Nice scores! Here is a link to the exam. http://www.predent.org.vt.edu/admissions/dat-sample-test-2009.pdf
Good luck!

Thanks!!!

 

[MolarBear541]

Also could anyone help me understand this question? The answer is A

 

[Pearl E. White]

Also could anyone help me understand this question? The answer is A

The reaction they are asking about has been reversed and halved in comparison to the equilibrium reaction. Therefore K must be inverted (due to the reversal) and raised to the power of 1/2 (since the equilibrium reaction has been reduced by half). Since K was 2 initially, the sum of the changes would be (1/2)^(1/2).

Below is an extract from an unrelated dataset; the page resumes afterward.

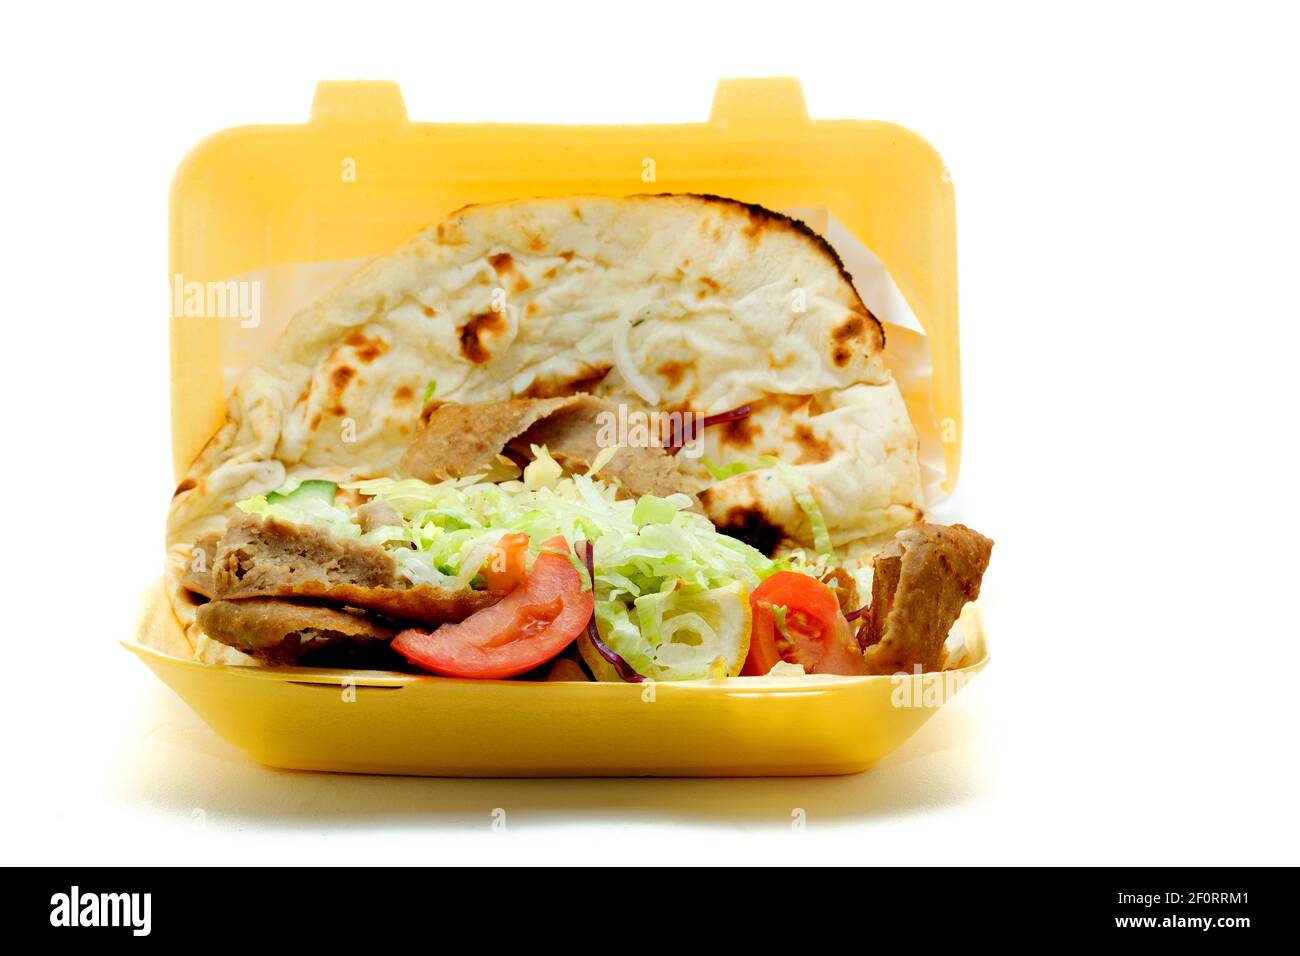 A take away Doner Kebab, or donor kebab, served with salad and wrapped in a Nan bread. The kebab has been sold in a disposable polystyrene container. Stock Photo

I hope that makes sense.

In summary and in broad terms, if you reverse a reaction you invert K. If you multiply or divide a reaction by some factor, you raise K to that factor.

 

[MolarBear541]

The reaction they are asking about has been reversed and halved in comparison to the equilibrium reaction. Therefore K must be inverted (due to the reversal) and raised to the power of 1/2 (since the equilibrium reaction has been reduced by half). Since K was 2 initially, the sum of the changes would be (1/2)^(1/2). I hope that makes sense.

In summary and in broad terms, if you reverse a reaction you invert K. If you multiply or divide a reaction by some factor, you raise K to that factor.

Ohhhh okay that makes sense. Thanks again!